Test after test, I was NOT pregnant. I think I flew into mild depression. I just wanted a baby, and I felt like shit. That means I ate like shit, and that coupled with my barely workouts = WEIGHT GAIN. At least 15lbs. I saw this quickly spiraling out of control. I made an appt with my OBGYN in Dec 2013 so I could figure out what the FUCK was going on. All my lab work came back normal, and he really had no answers for me (he thought maybe low thyroid or vit D – thanks to no sun in Michigan). He decided that I probably wasn’t ovulating. He started me on a course of Progesterone (to make me have a period) and Clomid – to trick my body into ovulating. Holy shit this was an eye opener. I would wake up every morning with RAGING headaches. It was horrible.
I used this concoction for 3 months with no success (Jan Feb March). I decided that since I had a negative test on April 3rd that I was just going to take a break from the meds for a month and see what my OBGYN had to say at my appt at the end of April.
With my mild depression, I’m pretty sure that the Binge Monster has been back in full effect for the last 3 months. I felt like shit, was always tired, and so – why not eat like shit. Hello 10 more pounds 😦
Thanks to Meg at Weight Loss Rebels, I think I have found a new way of eating. It’s simple and keeps the hunger demons away! I’ve decided that I have another problem. Its called – Not being truthful. I have every intention of tracking all of my macros, and then I let a fun size twix slip by, and then another, and then another. What? I worked out today. I KEEP SABOTAGING MYSELF! I’m so annoying! There really is no “moderation” for me. It’s all or nothing. I have to realize that I can’t say no to more then one piece of candy, or one serving of tortilla chips, or one tbsp of Peanut Butter. I JUST CAN’T HAVE IT. None, zero, zilch. Because once I have one, the ugly monster rears his head. And it’s all down hill from there.
I’m standing firm, here and now. No more crap. No candy, no chips, no dessert, no PB, because I can’t say no. I KNOW that I cannot control myself. I know it’s going to lead to bigger problems! (As there sits a GIANT candy bin in the breakroom at work :(, of course!)
I do know that I want to be healthy. I want my body to be healthy. And eventually I want to grow another baby in this body, and for him or her to be healthy too! I don’t want to be 300lbs when I deliver a baby!
I am also going to dedicate myself to be more truthful. That handful of cinnamon/sugar almonds that just happened not to make it into mfp…NO MORE!
I’m also dedicating myself to have a better body image for myself. My head is completely fucked up. I know it is, I know I have issues. Maybe I need some legitimate therapy, maybe not. But, I am going to work on it everyday.
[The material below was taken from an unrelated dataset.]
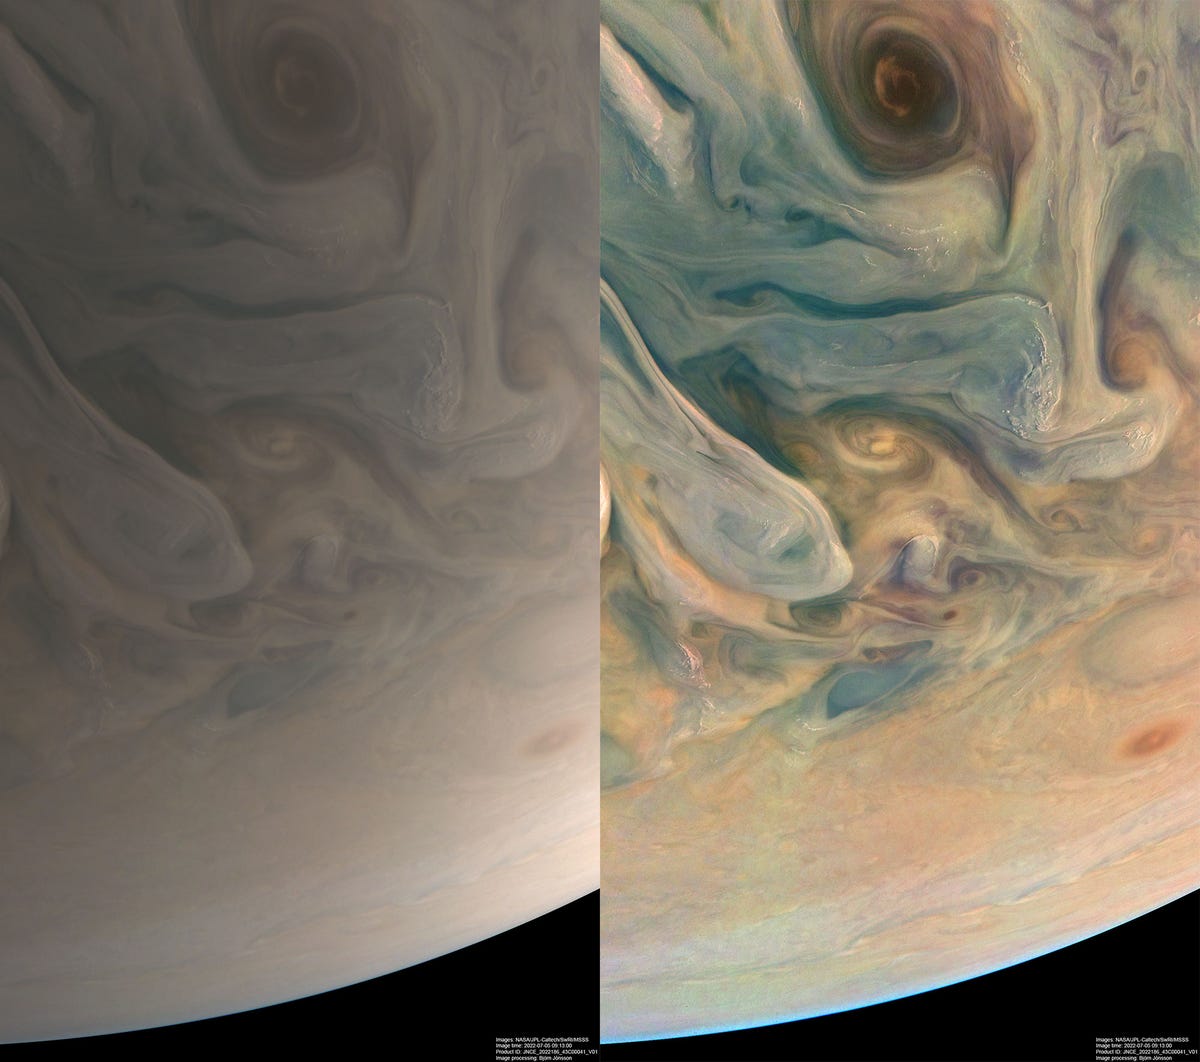 왼쪽은 목성의 부드러운 베이지색 버전입니다.  오른쪽은 파란색, 주황색 및 노란색 음영을 제외하고 동일한 이미지입니다.
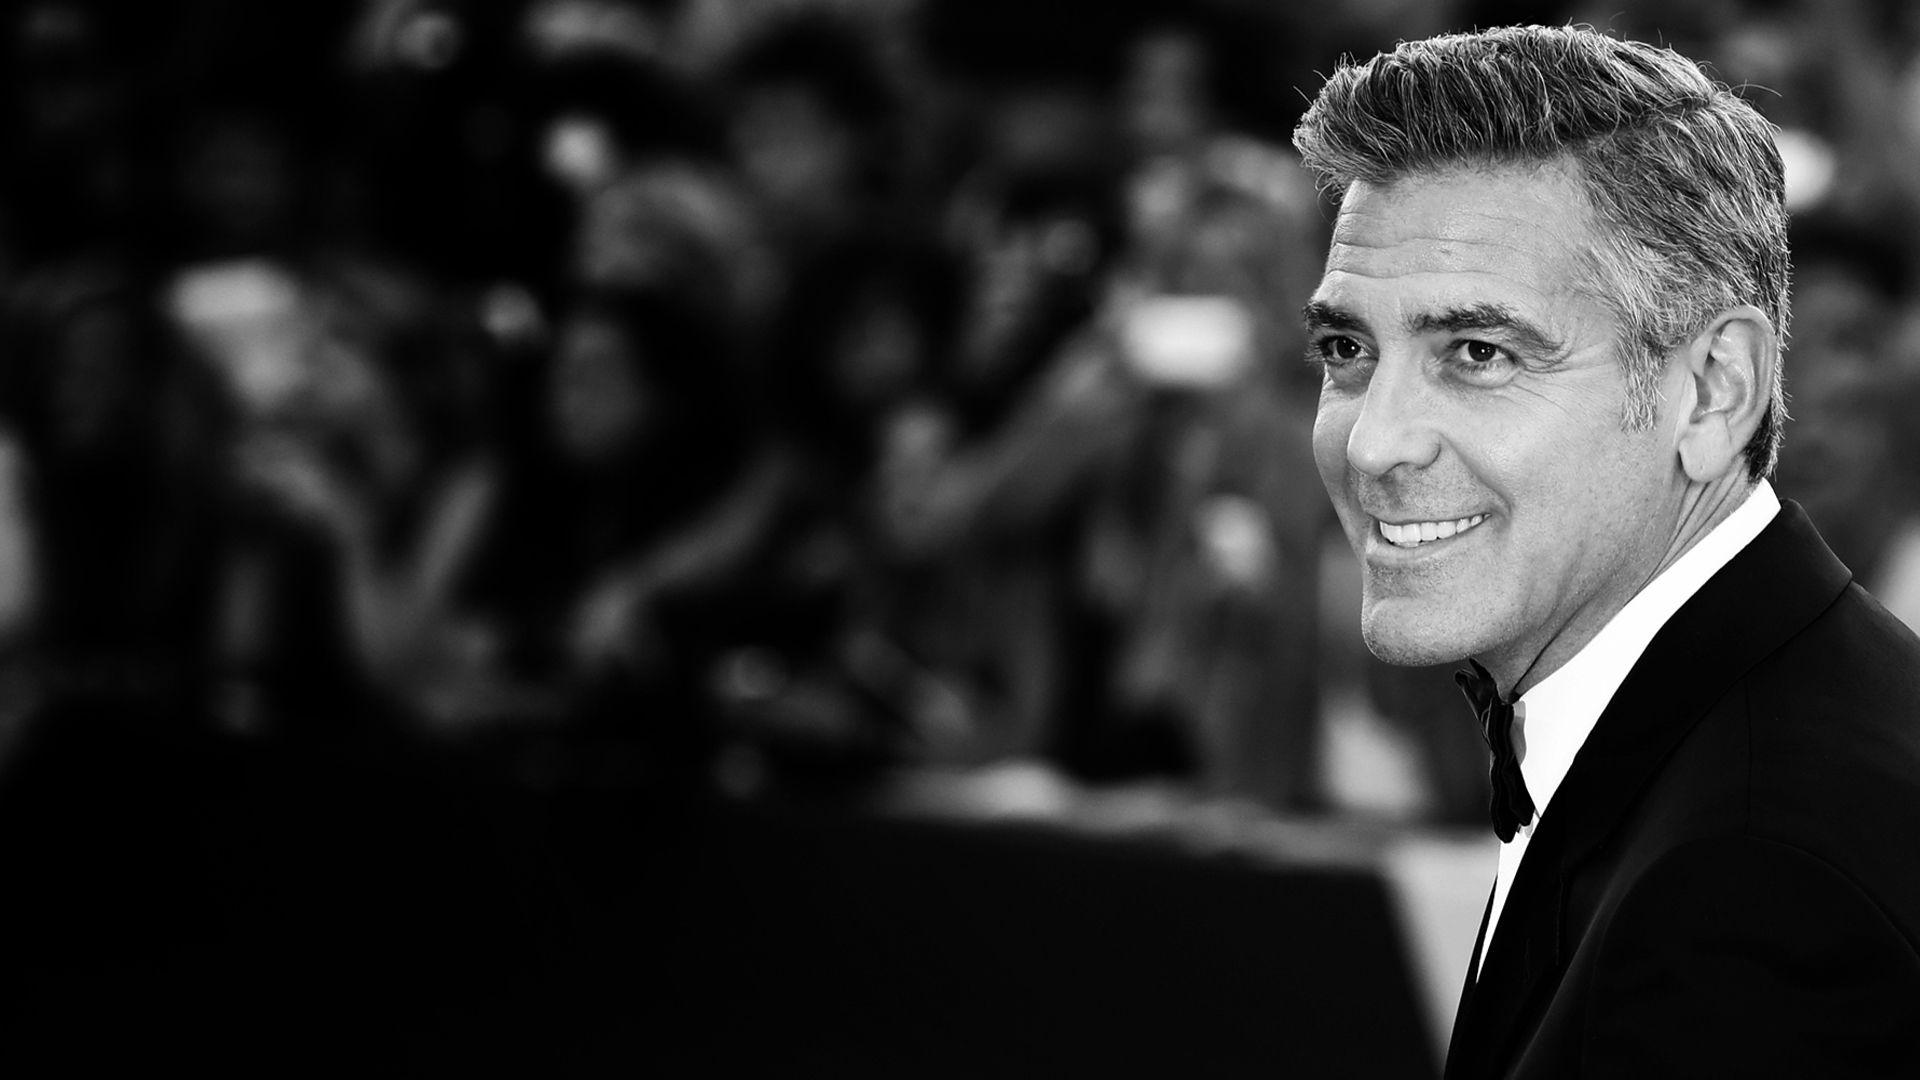 George Clooney Wallpaper, Custom HD 46 George Clooney Wallpaper

I know that everyone will think I’m crazy, and that I’ll never be able to do it, but I KNOW that I HAVE to. It’s going to be hard as shit. I’m going to have to be a master planner. But, I know in the end it’s going to be worth it.
I’m sick of my undies and scrub pants being tight. I’m sick of feeling embarrassed to hang out with my friends because none of my clothes fit. I don’t want Ty to have the fat mom. I just want to feel good again. I know it’s a long journey, and it’s not going to be fixed over night, but I’m giving it 100%.